→ Activity
What is needed is an exact reproduction of the lines from the one that contains "Fabulous pair of" through the end of the data, both included and nothing else, with pictures omitted.

→ Collected data
━━━━━━━━
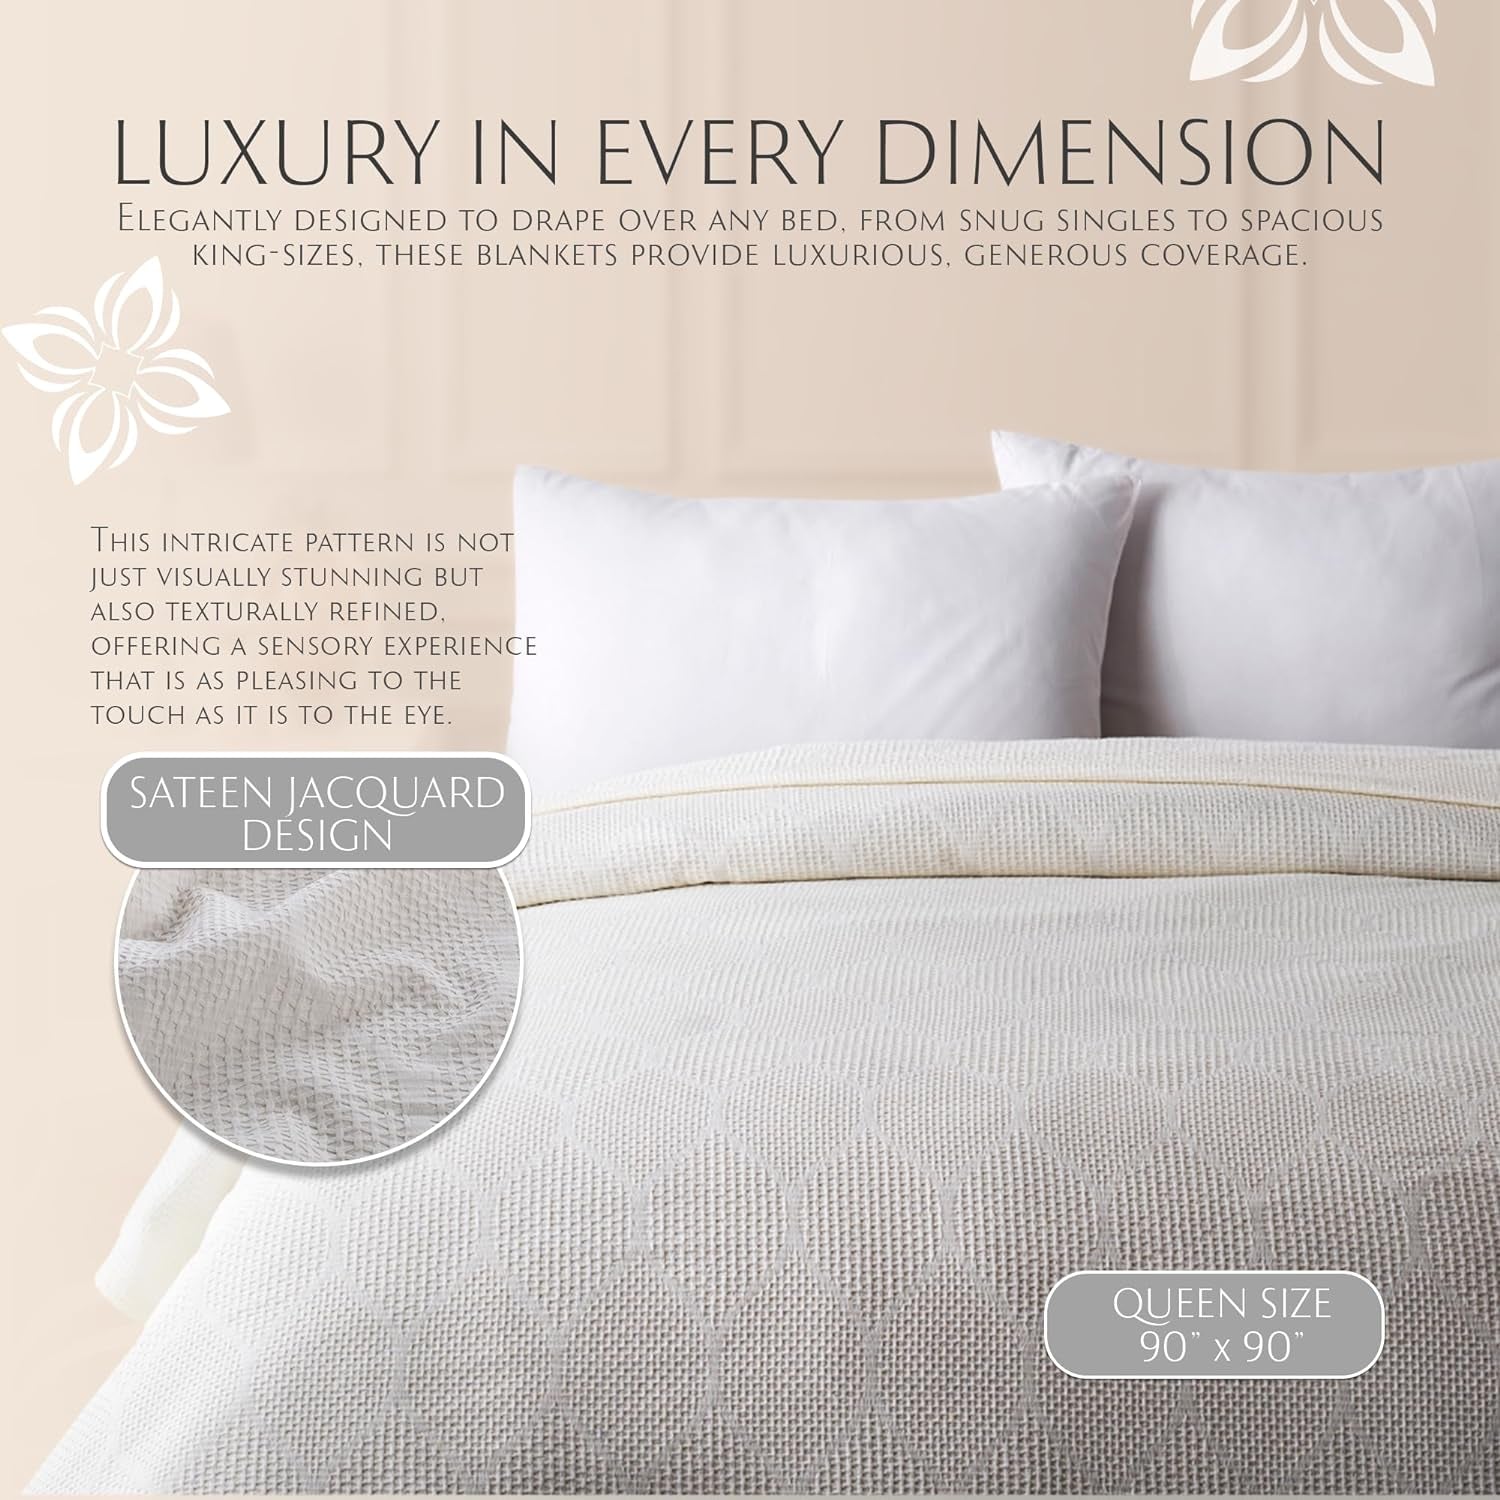 Thin Lightweight Cotton Blankets Skin-Friendly, Breathable, and Fade-Resistant - Modern Bedding Essentials for Year-Round Comfort, Style, and Quality Sleep Experience. Full/Queen 90”X 90”- Ivory
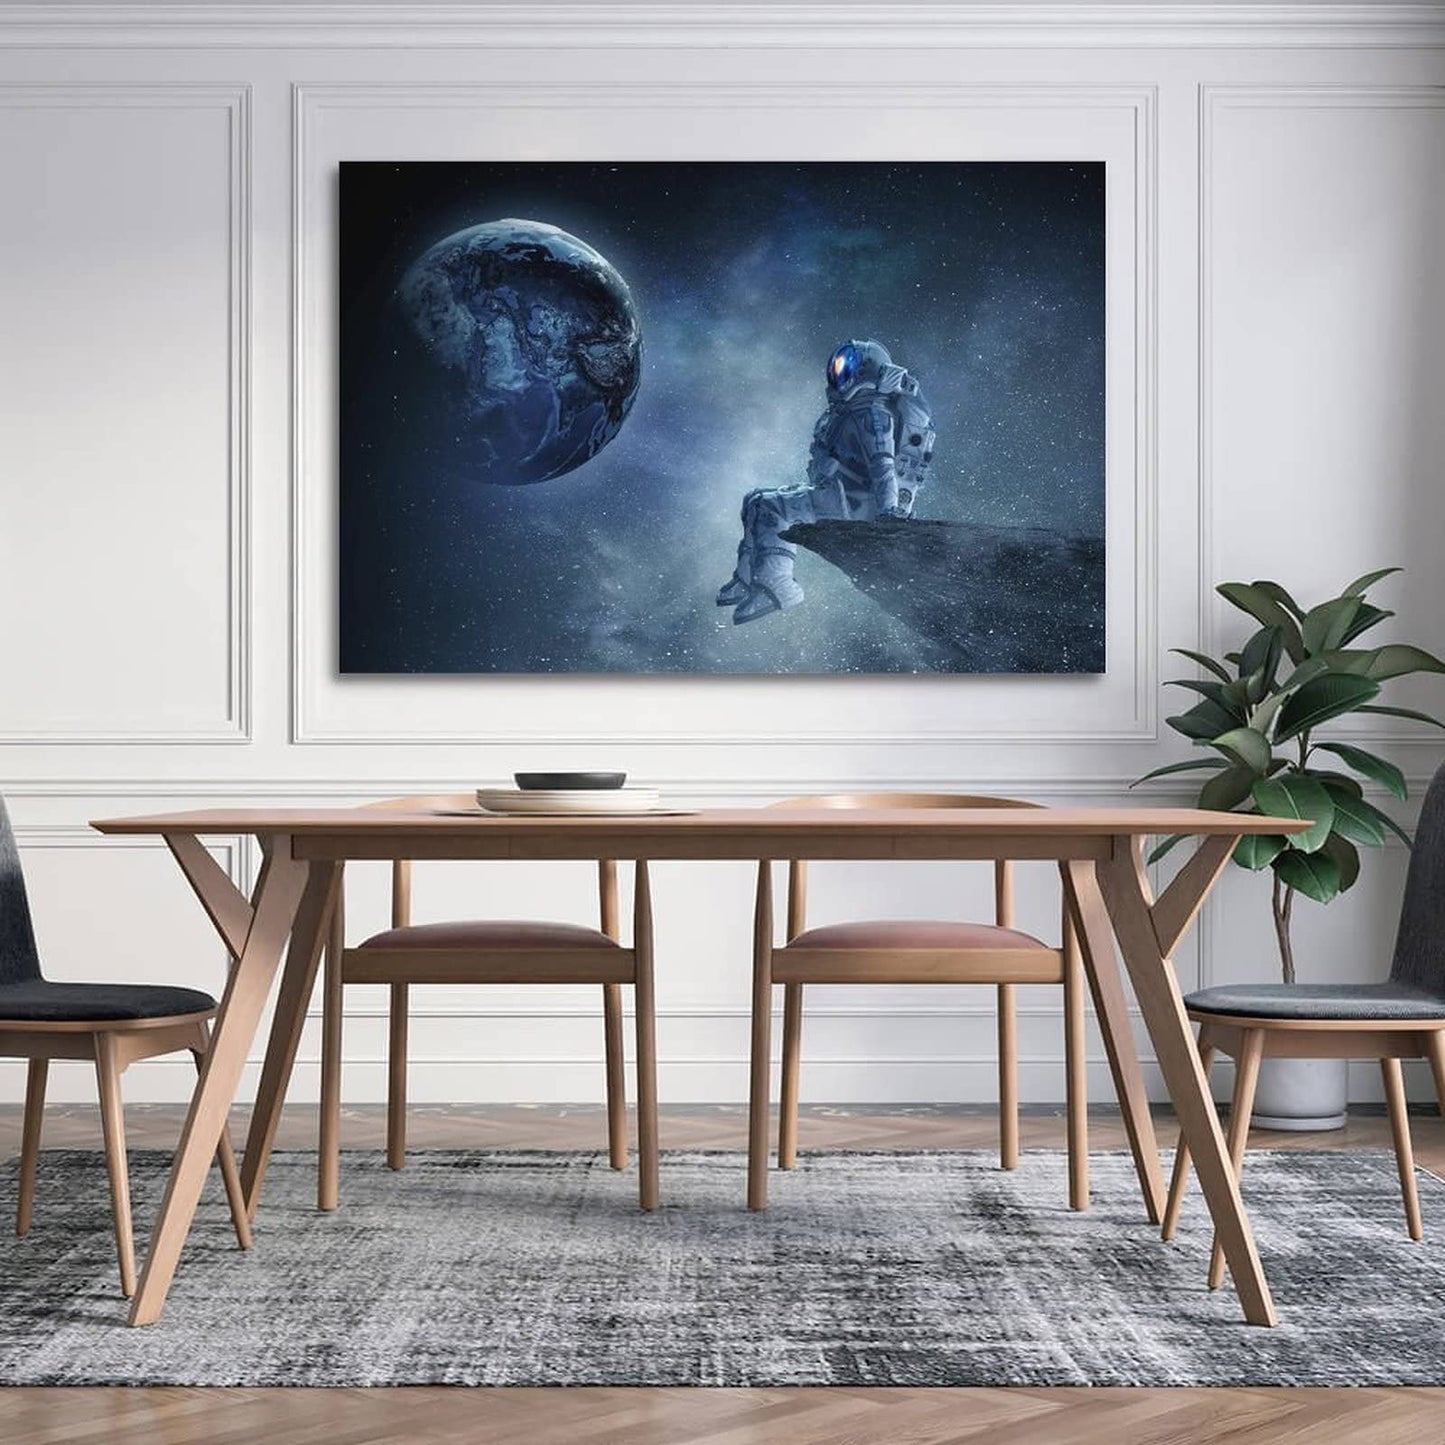 SUANA Astronaut Spaceman Posters for Men Canvas Art Poster And Wall Art Picture Print Modern Family Bedroom Decor Posters 12x18inch(30x45cm)
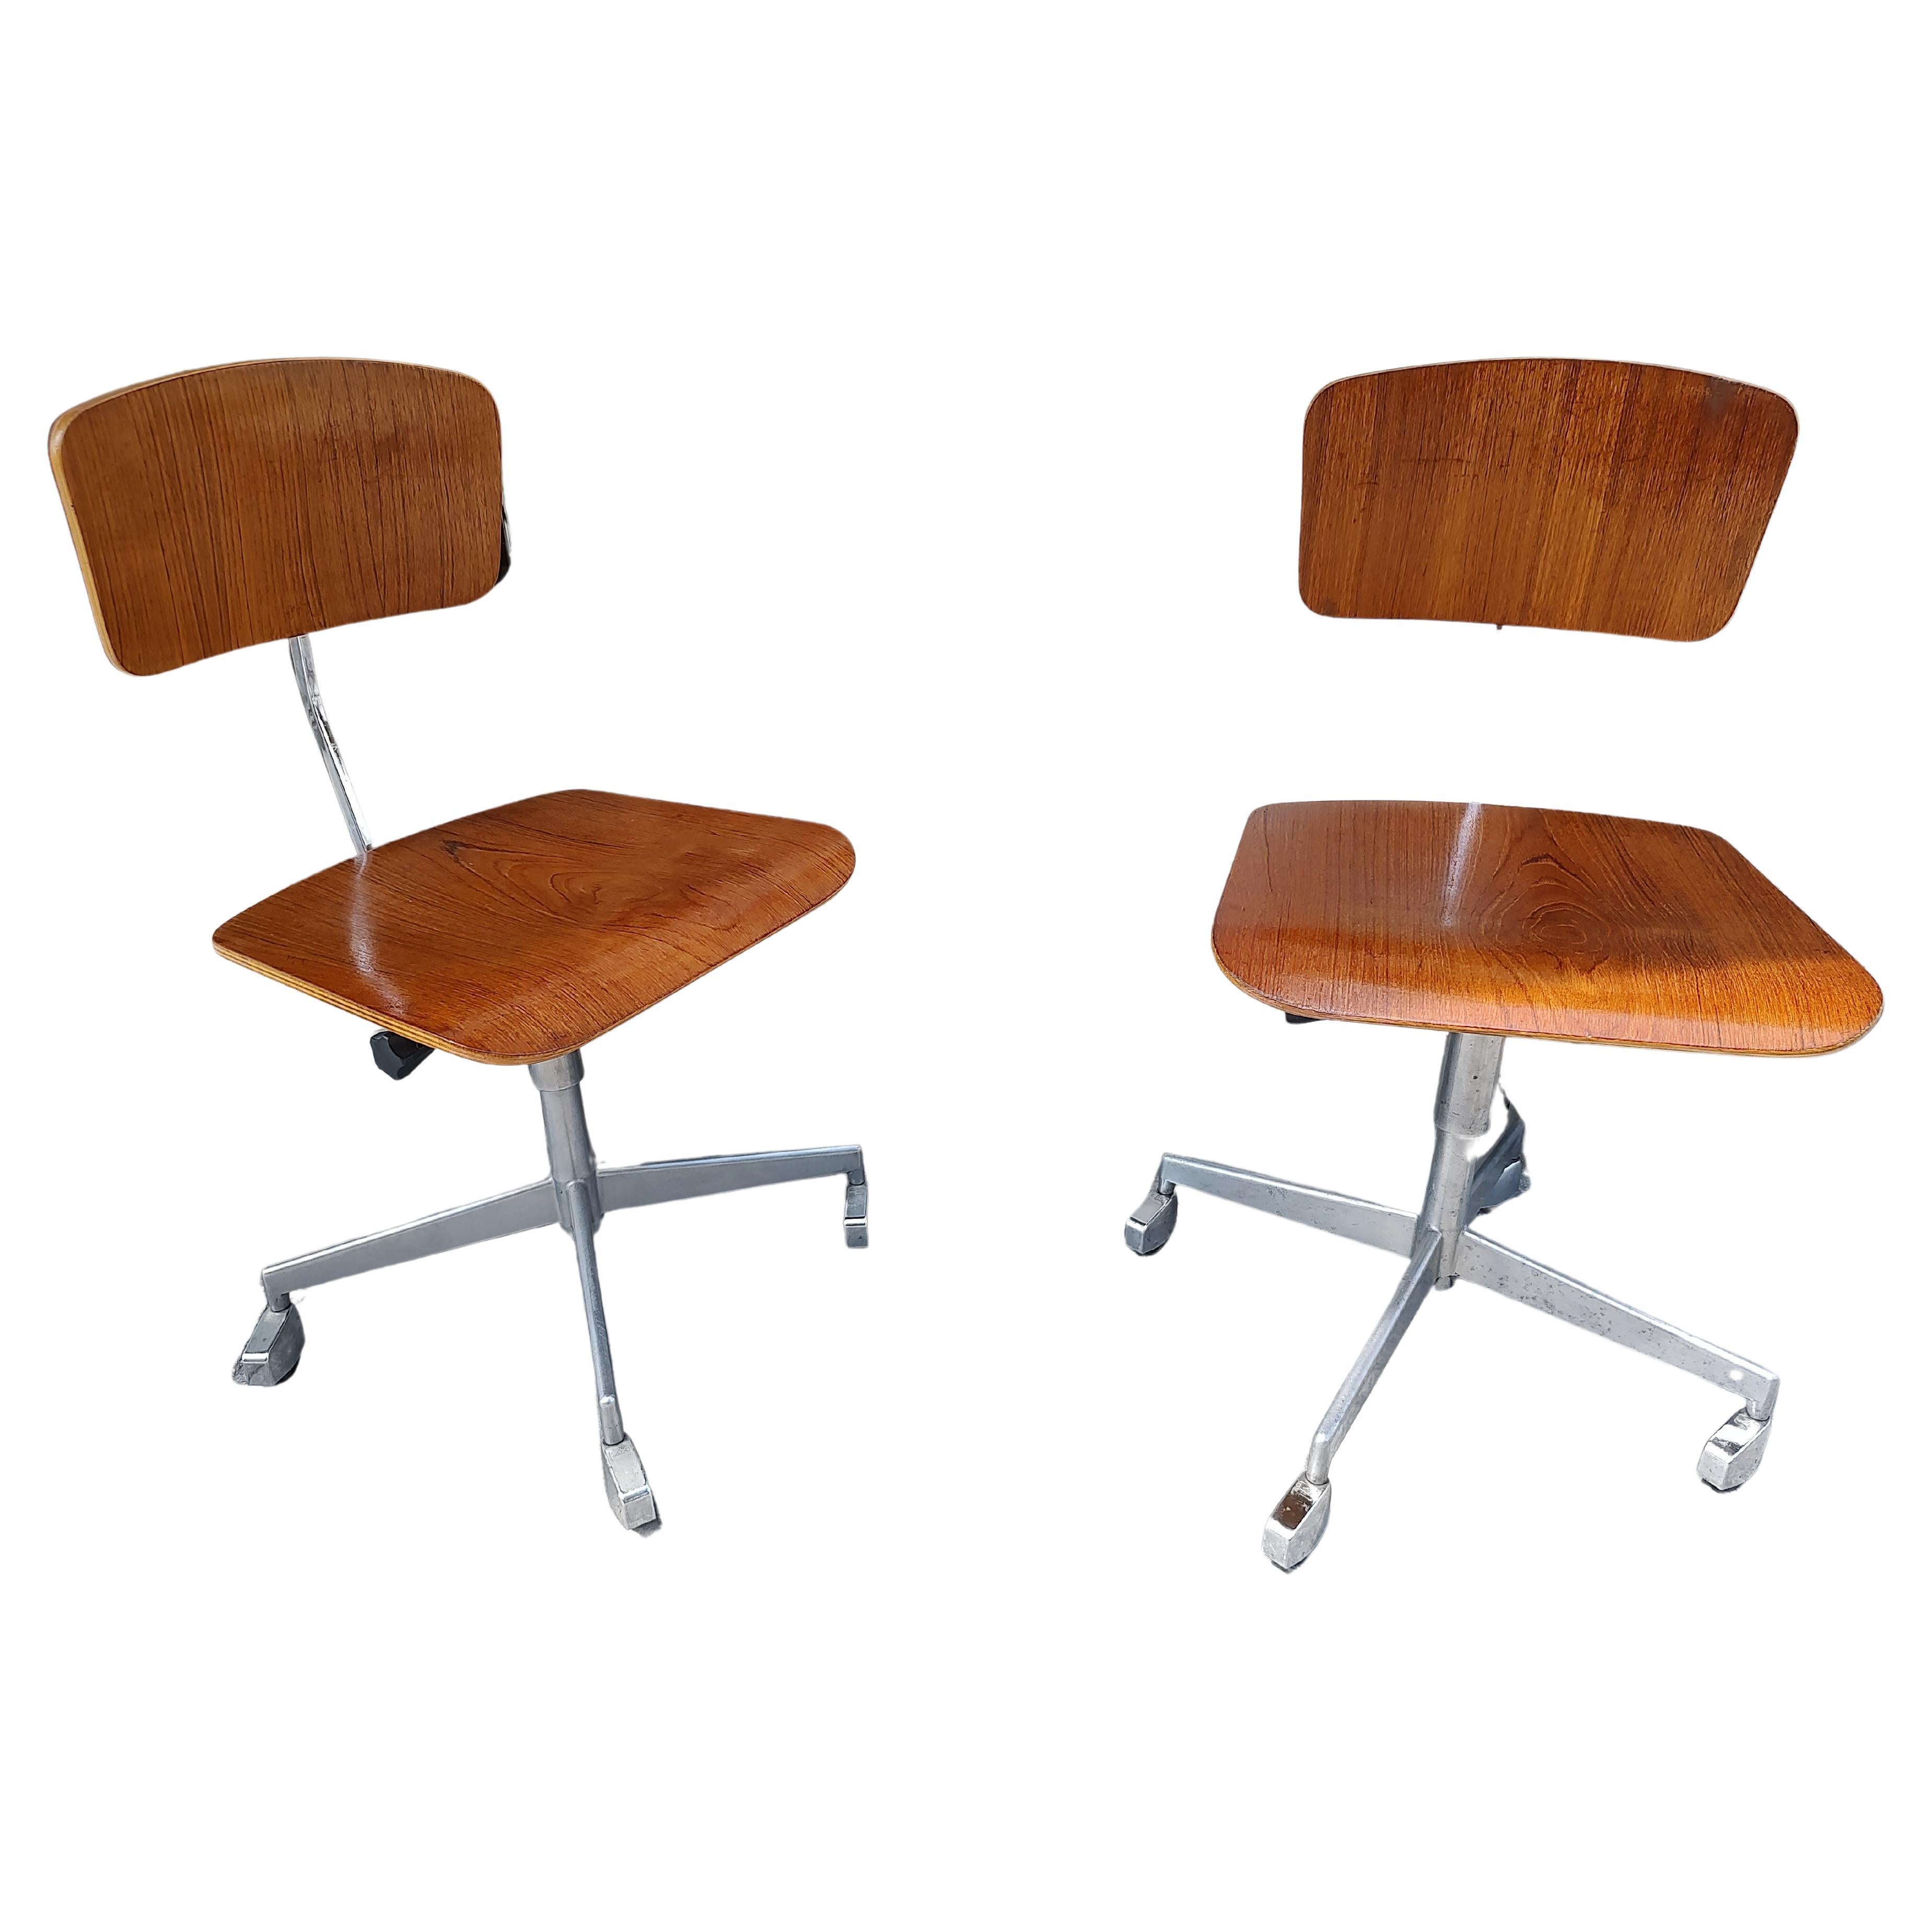 Fabulous pair of Mid-Century Modern sculptural Scandinavian walnut desk chairs by Jorgen Rasmussen for Labofa, c1955. Bent walnut plywood in original finish and in excellent vintage condition with minimal wear. Seat and back adjust in height to fit
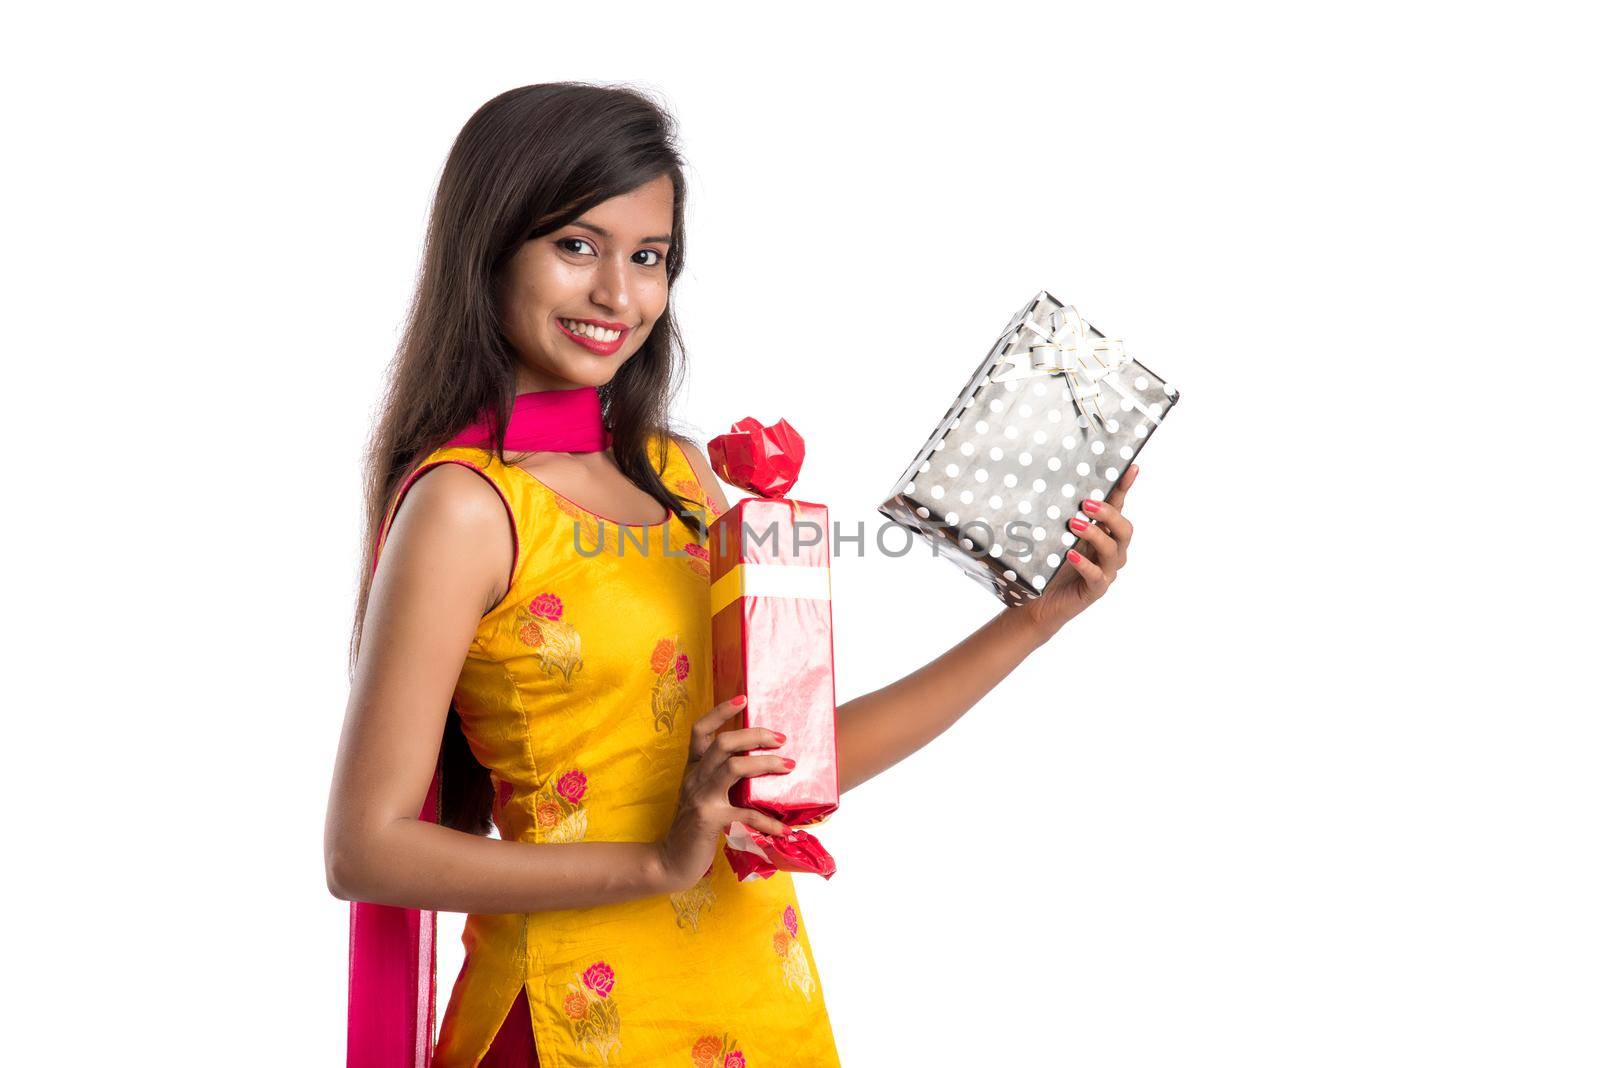 Portrait of young happy smiling Indian Girl holding gift boxes on a white background. by DipakShelare
━━━━━━━━
→ Answer to the problem
 Fabulous pair of Mid-Century Modern sculptural Scandinavian walnut desk chairs by Jorgen Rasmussen for Labofa, c1955. Bent walnut plywood in original finish and in excellent vintage condition with minimal wear. Seat and back adjust in height to fit
 Portrait of young happy smiling Indian Girl holding gift boxes on a white background. by DipakShelare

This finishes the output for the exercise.